Kolkata, Aug 25 (UNI) Magma Leasing and Shrachi Infrastructure Finance, with combined asset under management of over Rs 4500 crores, today announced their decision to merge in order to become "India's largest Financial Services Powerhouse".

Announcing the "whole-hearted approval" to this effect by the Board of Directors of both the companies today, Magma Leasing Managing Director Sanjay Chamria and his counterpart in Shrachi Infrastructure Ravi Todi here said following the Board of Director's decision they would now approach the RBI and other regulatory authorites, the shareholders of both the companies and the Calcutta High Court to formally approve the merger with effect from April one this year.

They said under the terms of agreement following the merger the company would now be known as "Magma Shrachi Finance Limited" and issue one Magma equity shares for three shares of Shrachi to 2.49 million shareholders of both the companies before conducting the due diligence on the transaction by a well known consultancy firm.

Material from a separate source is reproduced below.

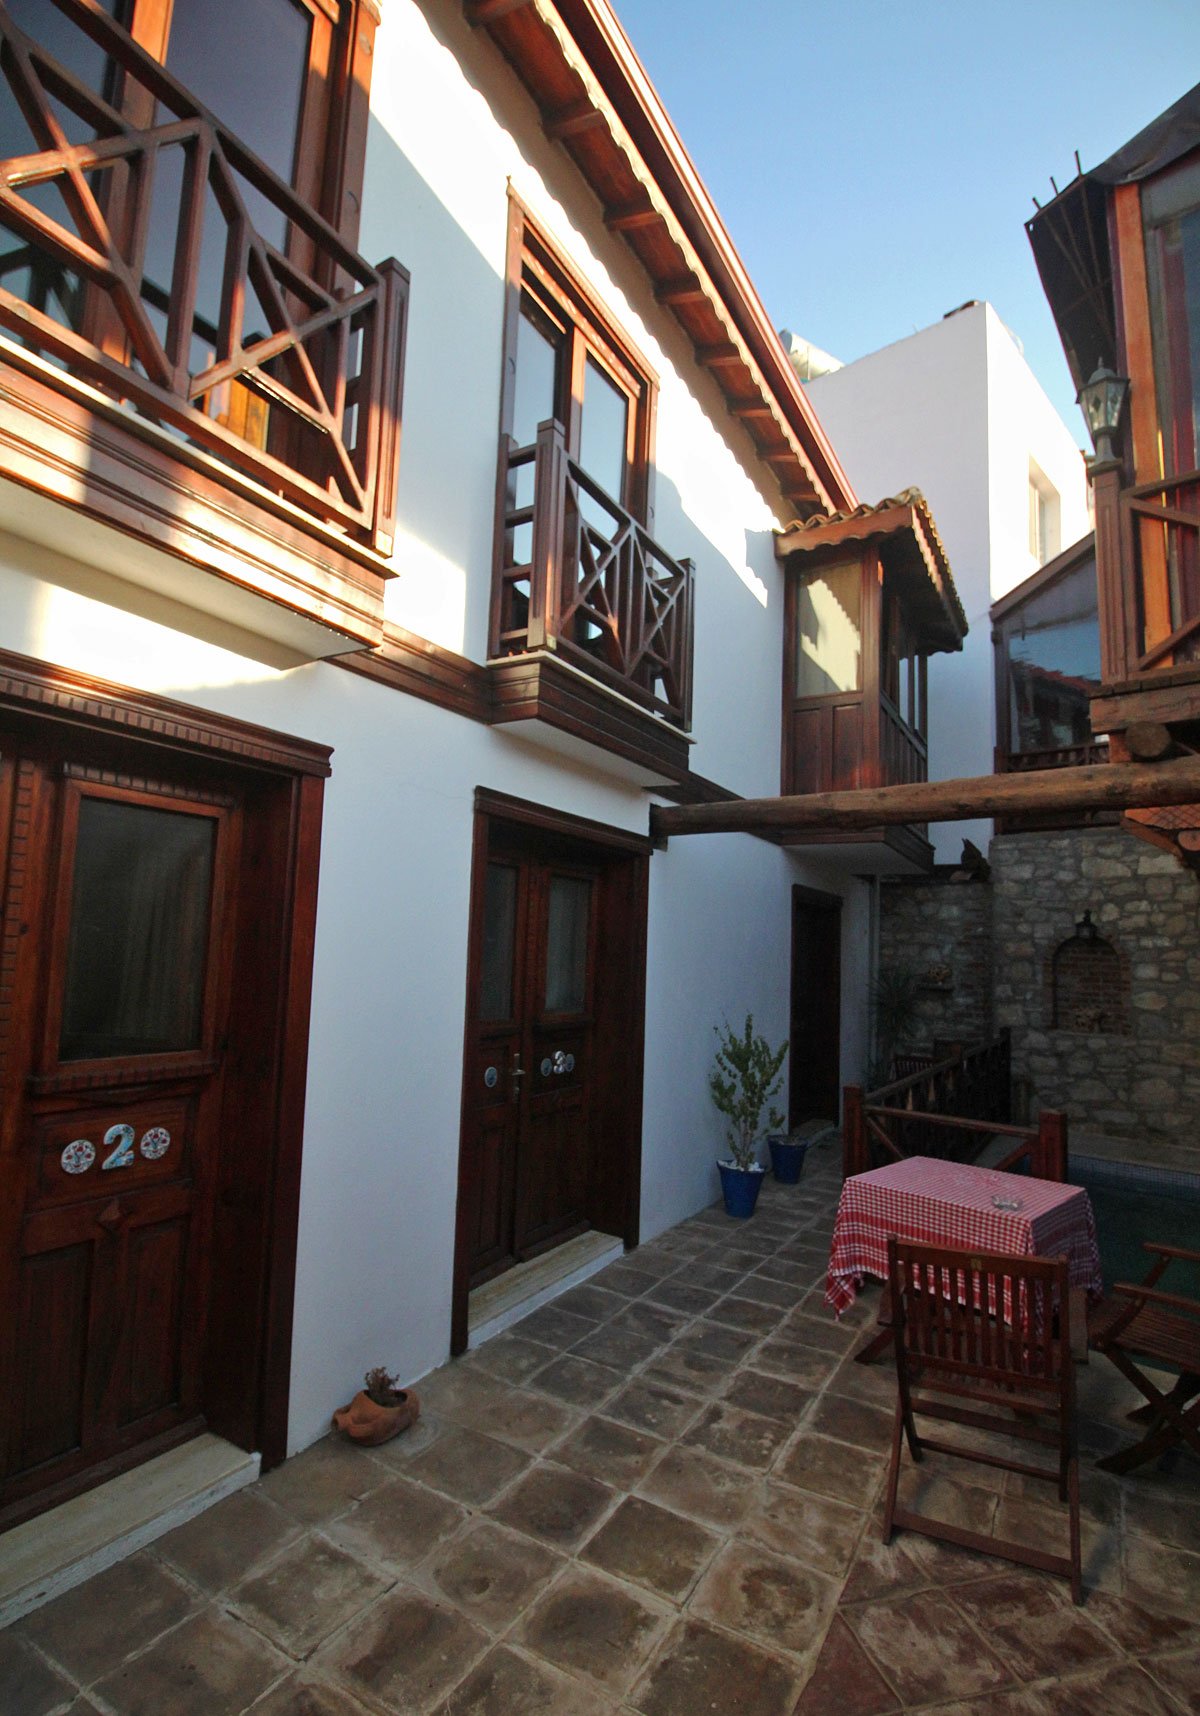 Amazon Petite Palace: Where to Stay in Selcuk, Turkey
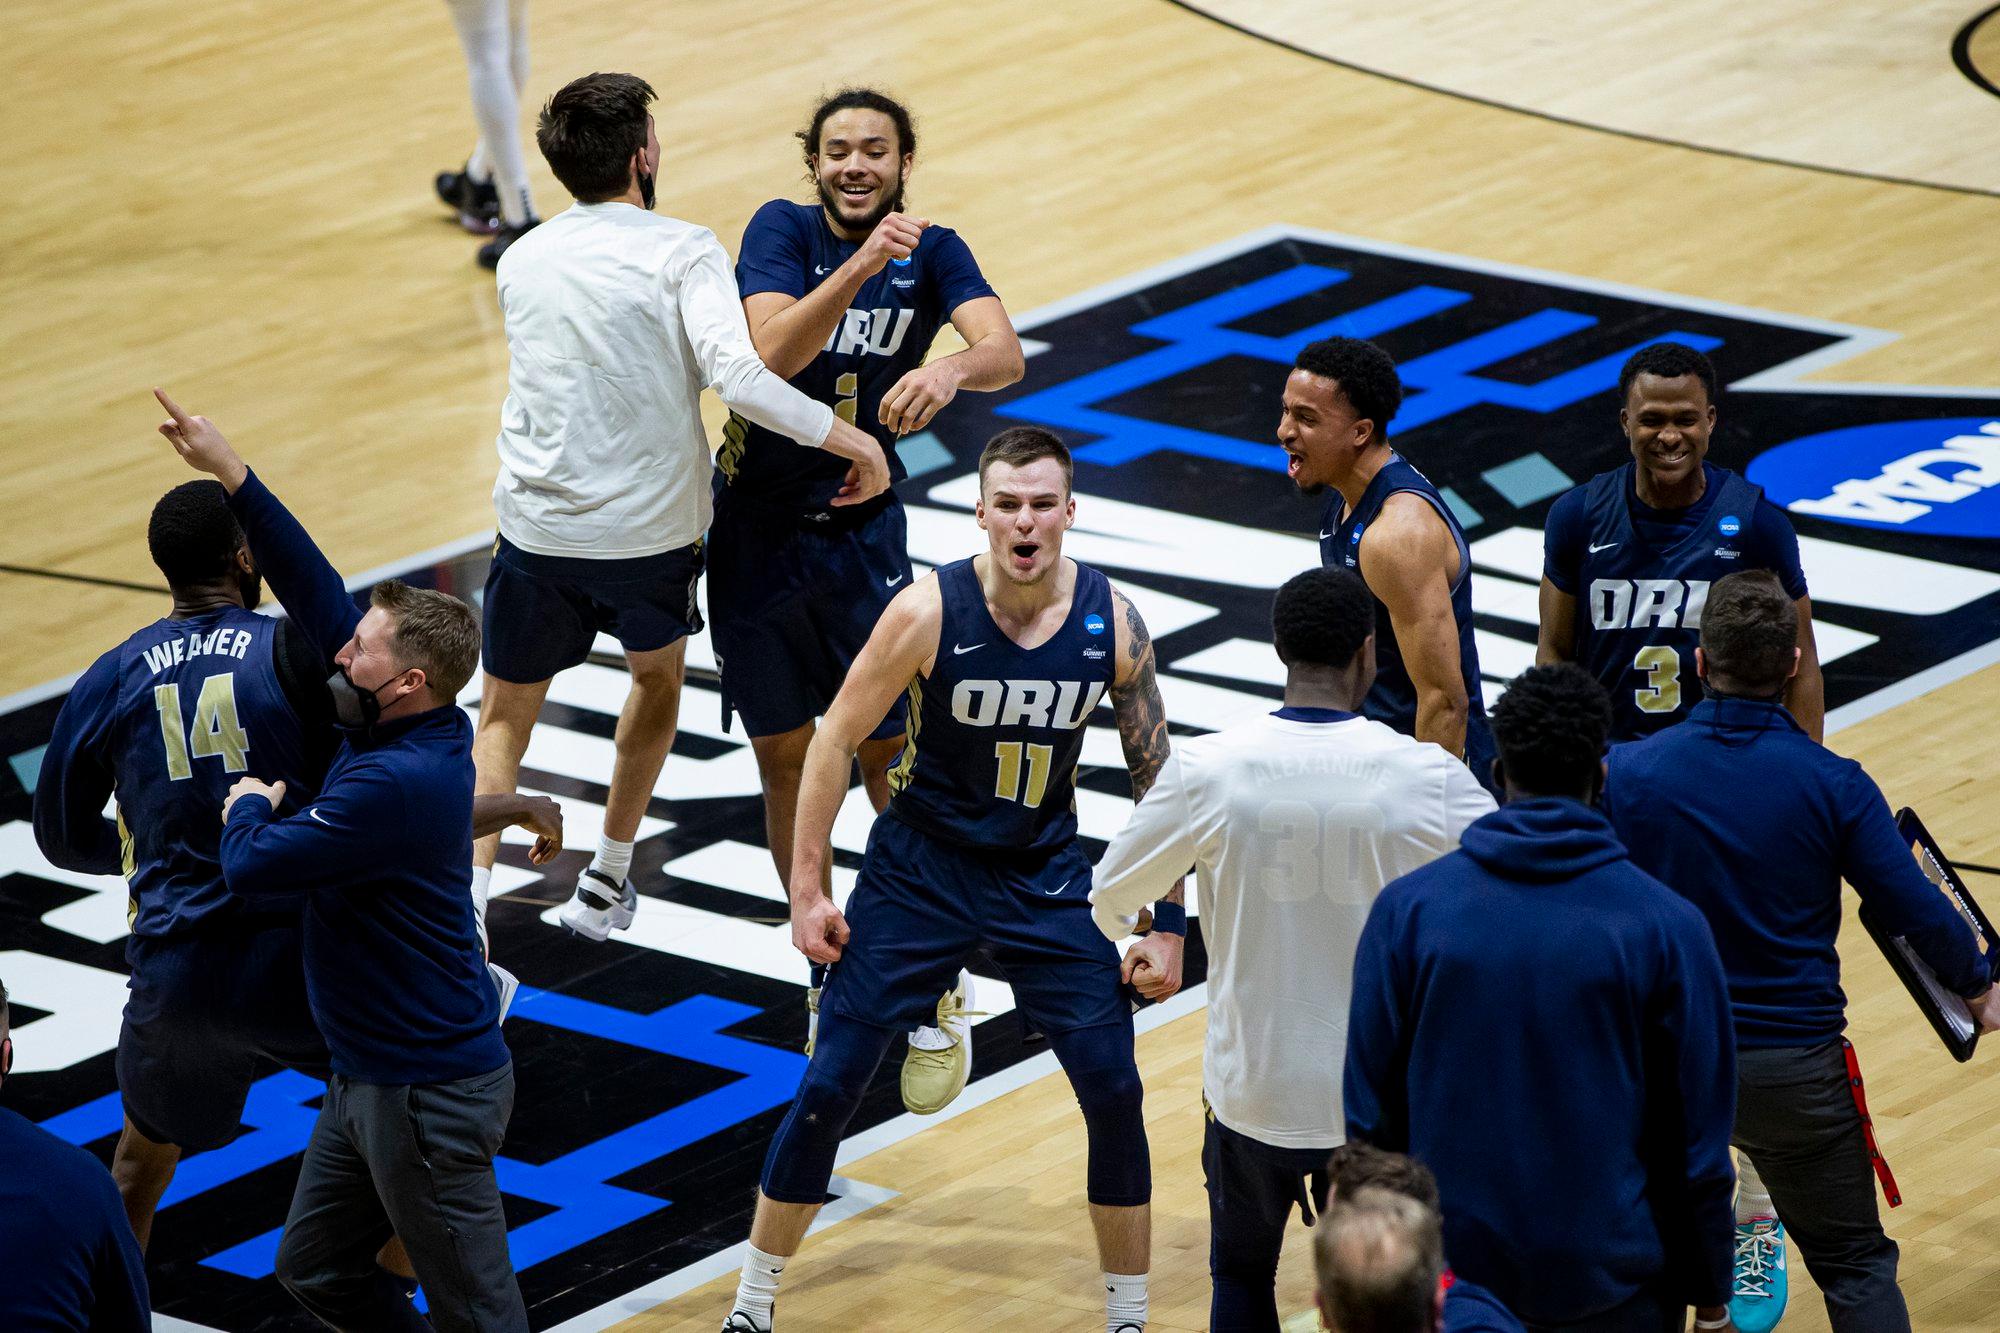 Oral Roberts players and coaches celebrate after beating Ohio State in a first-round game in the NCAA men's college basketball tournament, Friday, March 19, 2021, at Mackey Arena in West Lafayette, Ind. (AP Photo/Robert Franklin)

Highlighting positive aspects of the merger following years of intense negotiations, Mr Chamria said apart from leveraging the pan India branch network and the human resources of both the companies the merger would go a long way in diversifying their product portfolios and increase the asset base by over 31 per cent to become an economic powerhouse in private financial market.

Further elaborating, he said while the number of branches of the new company would be 146 following the joining of 68 Magma branches with 78 of Shrachi all across the country, the total number of employees would be around 2300 with majority of about 1500 working for Magma Leasing.

In terms of the optimal utilisation product portfolio, they said it would also go up from six fund based products to eight fee based products while major emphasis would be given in the sale of new vehicles in India's semi-rural and rural market.

Asked about the finacial stakes in post merger scenario, both Mr Chamria and Mr Todi said under a new Board of Directors the promoters stake would be 51.2 per cent, while that of the shareholders was to the tune of 27 per cent. "We have no plan to infuse any fresh fund into the new venture," Mr Chamria clarified replying to a related query.